4 pontos sobre "a máquina de fazer espanhóis"

Luiz Roberto Gouvêa
1. O que me fez ler o livro
            O título do livro foi o anzol que me fisgou. Me intrigava como um autor angolano, mas de forte identidade portuguesa, conceberia esse mecanismo ou essa suposta metáfora da máquina de fazer espanhóis. O título despertou-me a curiosidade sobre os mecanismos envolvidos nessa “transnacionalização” e as duas etapas do processo: o apagamento da identidade natural e a aquisição de uma nova identidade nacional.   Conheço de perto o processo de “desbrasilização”, porém, mesmo tendo resistido a essa ameaça, me atrai entender como o homem, depois de despido de sua nacionalidade gentílica, se metamorfoseia em argentino, português ou japonês. Isso remexe a memória e me faz lembrar de um conhecido de infância que dizia  querer ser japonês quando crescesse.
            Na leitura do livro, descobri que a máquina de fazer espanhóis era mais complexa do que eu concebia, pois, ironicamente, quem mais resistia a submeter-se a essa máquina virtual era justamente um espanhol, nacionalizado em português quarenta anos atrás.  
            Não esclareci a minha curiosidade sobre a “transnacionalização”, mas não deixei de me deliciar com o estilo e a força desse livro de impacto.

            2. A voz
            Quase todo narrado na primeira pessoa, com exceção de um pequeno capítulo.  

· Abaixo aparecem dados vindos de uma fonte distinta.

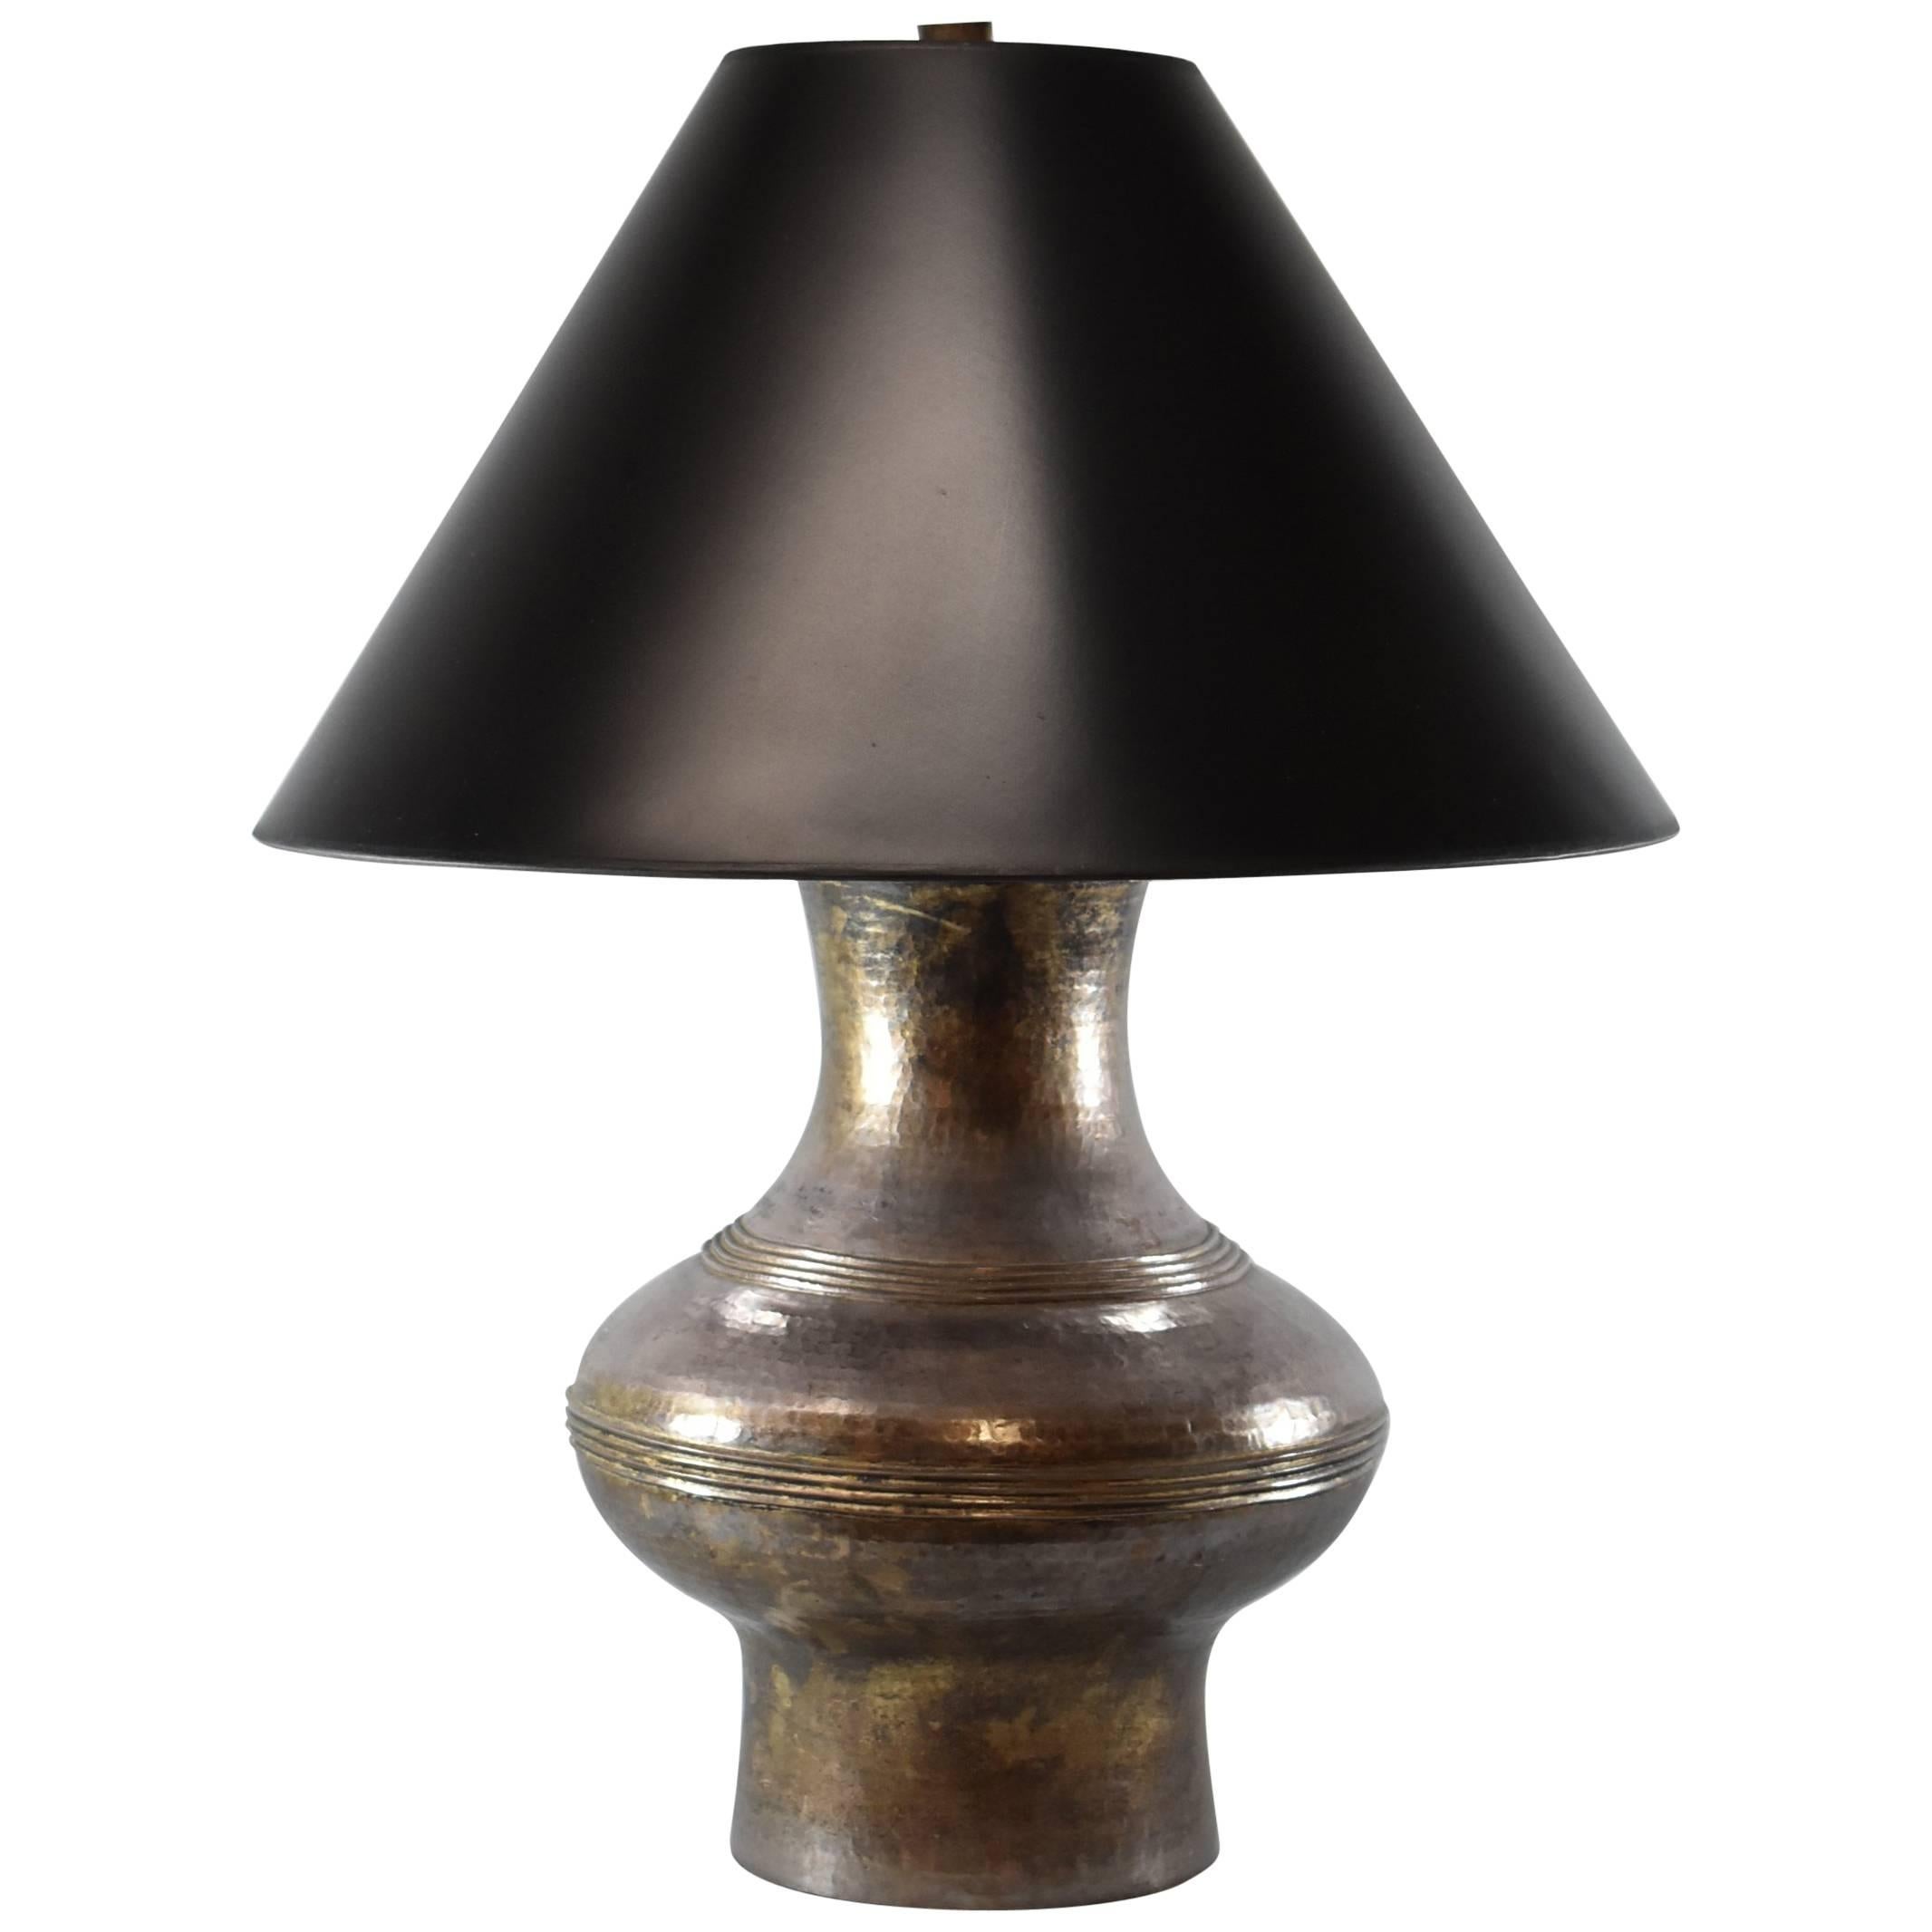 McGuire Table Lamp Hammered Brass Silvertone Patina

            3. Os mitos literários
§  A identidade portuguesa como o “pobrezinho esforçado e bom”, a dificuldade e a comodidade com o convívio com o fascismo do período salazarista, o envelhecimento, a demência senil, o confinamento involuntário de velhos em asilos, a morte e a transcendência.
§  A poesia permeia todo o livro. Sua aproximação é tal que faz com que o autor extraia da poesia Tabacaria (Álvaro de Campos / Fernando Pessoa) o personagem Esteves (o Esteves sem metafísica), que, ao contrário do narrado no poema, no livro é repleto de metafísica.

            4. Carpintaria literária
            O autor dispensa letras maiúsculas, pontos de interrogação e travessões, num estilo que parece radicalizar o método de Saramago. É a força da narrativa, seu ritmo e expressão que fazem o leitor intuir onde estão as transições da narrativa para o diálogo e vice-versa. Esse estilo consegue surprendentemente realçar a força dos diálogos enquanto obriga o leitor a não desgrudar de uma palavra sequer.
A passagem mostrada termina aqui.